This is the start of my blogs. I did have this idea while at work and thought going through WordPress might make my blogs look a big better as I tend to use the standard blogger page. I have been wondering what writing through here would be like. The name Outsider looking in is actually a little better as it really is true as I am like say Batman as he is an outsider who looks in like with the Justice League or even Spider-Man who throws jokes around, but is still the outsider no matter what group he is in.
A little about me:
I am in my early 30s and have been employed for the last 8 years through a supermarket, I volunteer with a marine rescue floatilla and have been there for 11 years on the rescue boats and radio room. I have on occasion done the odd sausage sizzle. I study history, currently a Bachelor degree that I hope to finish in around 4 years and a traveller to far off places like New Zealand.
I do see myself as an outsider within the Autism / Asperger community even though I have been diagnosed with Aspergers by Tony Attwood in 1995. I never met another aspie until I was in my late 20s and I am in my early 30s. I do think that works as I tend to get a glimpse of what others are like though I do not talk about Aspergers very much at all. People probably think I am always talking about this sort of thing in real life. In reality the word rarely registers with nearly everything I tend to do in life especially work and volunteer work too. I do find it refreshing meeting others on the spectrum, but don’t have to explain the different parts or traits or anything else. It is not something I really have explored.
Half the things people post or talk about do tend to confuse and I have no real opinion on things other than you shouldn’t wrap kids or people up in cotton wool in case they fail something and so on. Knowing there are radio stations that have short shows, which includes podcasts helps to get a little more of an understanding. I do think being an admin for an Australian page does wonders too though I really love that page like it is my own these days. It’s a reason to stick with Facebook and has made me some good friends.
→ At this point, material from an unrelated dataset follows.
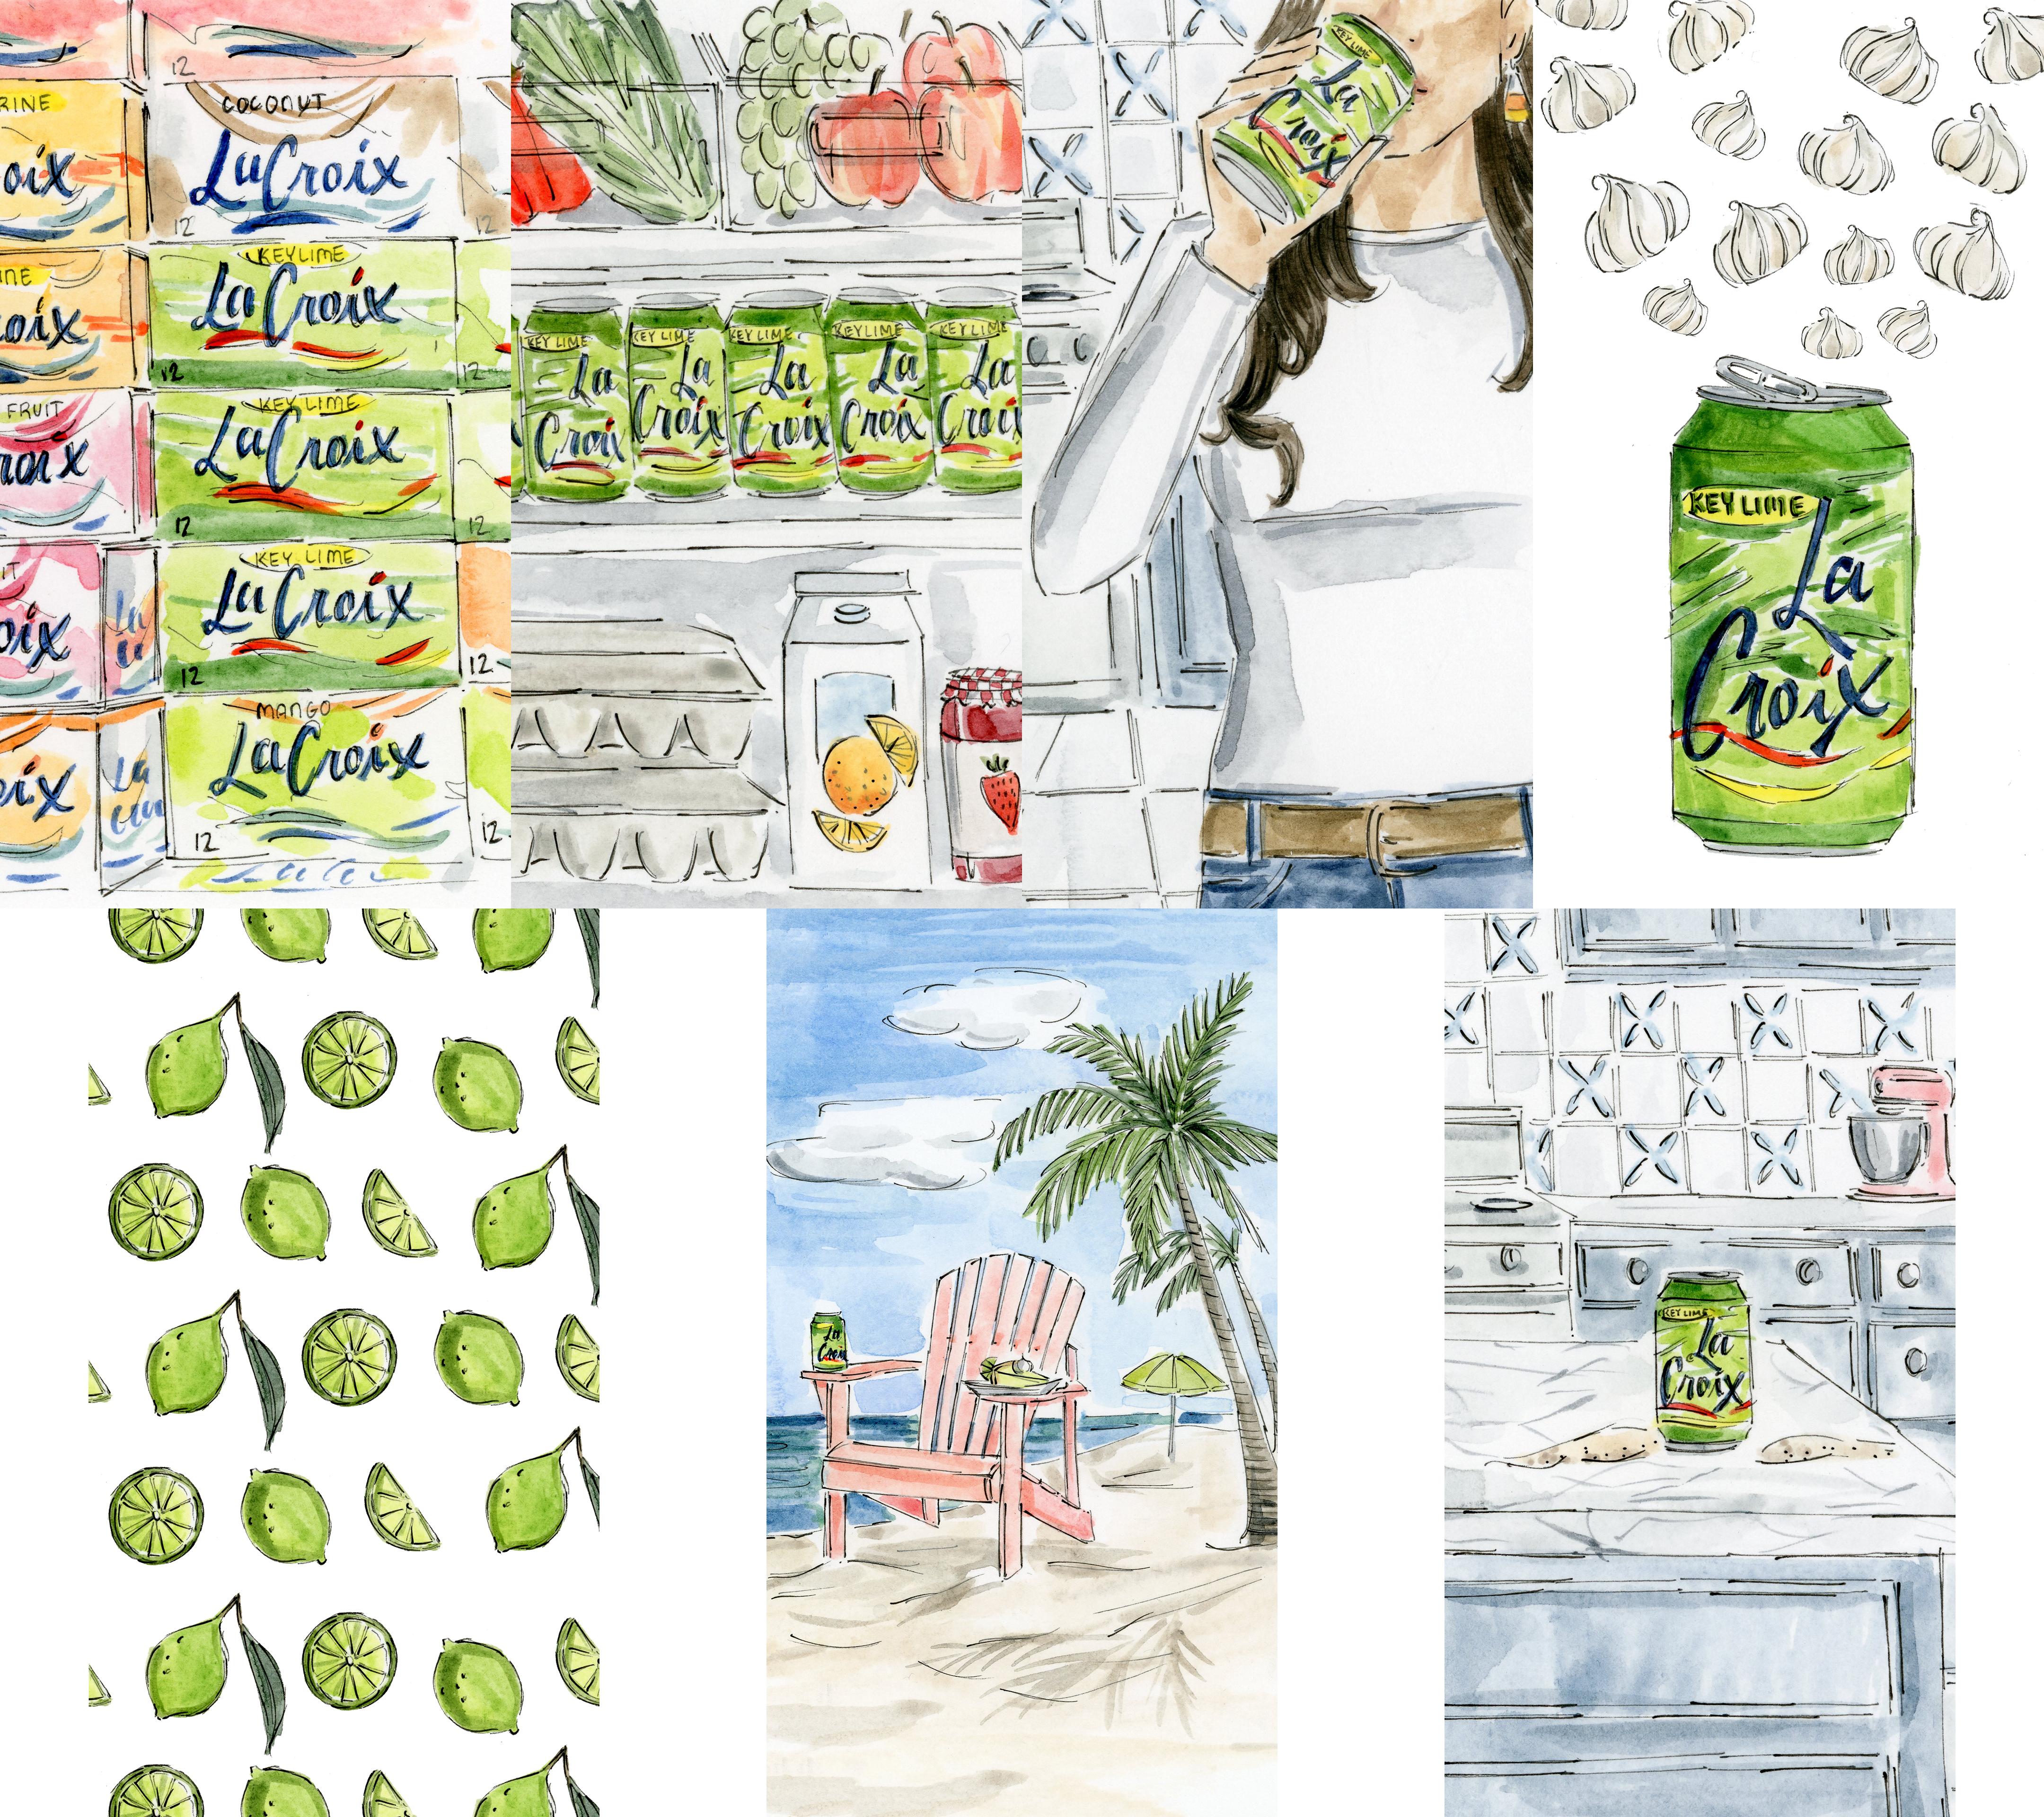 Illustrations for Instagram Stories

I used to visit forums all the time on Facebook though they now tend to bore me or I find them too time consuming so I stay away. I keep being told about such and such where I tend to wonder who are they? I might keep quiet and see what happens observing the people like others that I know. I do like it when people do not think I am around, but I do think they forget about me or just leave me to my own devices. There seems to be a huge push with many in the community to throw up barriers for anyone that resembles a NT or Neurotypical person. That is someone who is not on the autism spectrum. I feel if I had those sorts of problems then I would never work in retail and chat with people as they are ‘NT’.
I should leave this thought trail here and pick up some time soon.